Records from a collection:
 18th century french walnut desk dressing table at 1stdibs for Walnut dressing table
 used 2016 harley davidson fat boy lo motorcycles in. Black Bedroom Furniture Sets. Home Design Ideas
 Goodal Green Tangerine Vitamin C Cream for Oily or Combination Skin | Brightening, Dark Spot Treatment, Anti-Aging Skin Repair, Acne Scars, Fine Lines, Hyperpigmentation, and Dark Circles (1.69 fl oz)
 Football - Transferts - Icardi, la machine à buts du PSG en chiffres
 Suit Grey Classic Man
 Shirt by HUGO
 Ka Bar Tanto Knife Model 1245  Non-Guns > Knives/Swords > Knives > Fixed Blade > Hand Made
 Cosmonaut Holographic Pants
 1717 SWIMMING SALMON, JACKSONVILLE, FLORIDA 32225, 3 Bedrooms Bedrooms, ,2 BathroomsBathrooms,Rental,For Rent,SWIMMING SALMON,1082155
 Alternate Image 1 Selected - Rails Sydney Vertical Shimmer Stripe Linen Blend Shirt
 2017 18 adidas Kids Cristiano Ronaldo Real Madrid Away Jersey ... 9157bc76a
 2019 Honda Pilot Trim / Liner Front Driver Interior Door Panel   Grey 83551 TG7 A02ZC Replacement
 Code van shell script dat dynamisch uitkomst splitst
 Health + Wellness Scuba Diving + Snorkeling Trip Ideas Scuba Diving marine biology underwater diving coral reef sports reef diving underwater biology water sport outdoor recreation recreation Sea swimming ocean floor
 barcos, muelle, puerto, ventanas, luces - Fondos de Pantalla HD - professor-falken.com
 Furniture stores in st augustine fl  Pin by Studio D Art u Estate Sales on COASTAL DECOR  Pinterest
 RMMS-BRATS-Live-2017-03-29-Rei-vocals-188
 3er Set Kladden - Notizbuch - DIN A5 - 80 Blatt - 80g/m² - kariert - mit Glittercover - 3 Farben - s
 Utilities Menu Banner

What the exercise asks:
The response should contain each record above, retyped exactly.

Written response:
 18th century french walnut desk dressing table at 1stdibs for Walnut dressing table
 used 2016 harley davidson fat boy lo motorcycles in. Black Bedroom Furniture Sets. Home Design Ideas
 Goodal Green Tangerine Vitamin C Cream for Oily or Combination Skin | Brightening, Dark Spot Treatment, Anti-Aging Skin Repair, Acne Scars, Fine Lines, Hyperpigmentation, and Dark Circles (1.69 fl oz)
 Football - Transferts - Icardi, la machine à buts du PSG en chiffres
 Suit Grey Classic Man
 Shirt by HUGO
 Ka Bar Tanto Knife Model 1245  Non-Guns > Knives/Swords > Knives > Fixed Blade > Hand Made
 Cosmonaut Holographic Pants
 1717 SWIMMING SALMON, JACKSONVILLE, FLORIDA 32225, 3 Bedrooms Bedrooms, ,2 BathroomsBathrooms,Rental,For Rent,SWIMMING SALMON,1082155
 Alternate Image 1 Selected - Rails Sydney Vertical Shimmer Stripe Linen Blend Shirt
 2017 18 adidas Kids Cristiano Ronaldo Real Madrid Away Jersey ... 9157bc76a
 2019 Honda Pilot Trim / Liner Front Driver Interior Door Panel   Grey 83551 TG7 A02ZC Replacement
 Code van shell script dat dynamisch uitkomst splitst
 Health + Wellness Scuba Diving + Snorkeling Trip Ideas Scuba Diving marine biology underwater diving coral reef sports reef diving underwater biology water sport outdoor recreation recreation Sea swimming ocean floor
 barcos, muelle, puerto, ventanas, luces - Fondos de Pantalla HD - professor-falken.com
 Furniture stores in st augustine fl  Pin by Studio D Art u Estate Sales on COASTAL DECOR  Pinterest
 RMMS-BRATS-Live-2017-03-29-Rei-vocals-188
 3er Set Kladden - Notizbuch - DIN A5 - 80 Blatt - 80g/m² - kariert - mit Glittercover - 3 Farben - s
 Utilities Menu Banner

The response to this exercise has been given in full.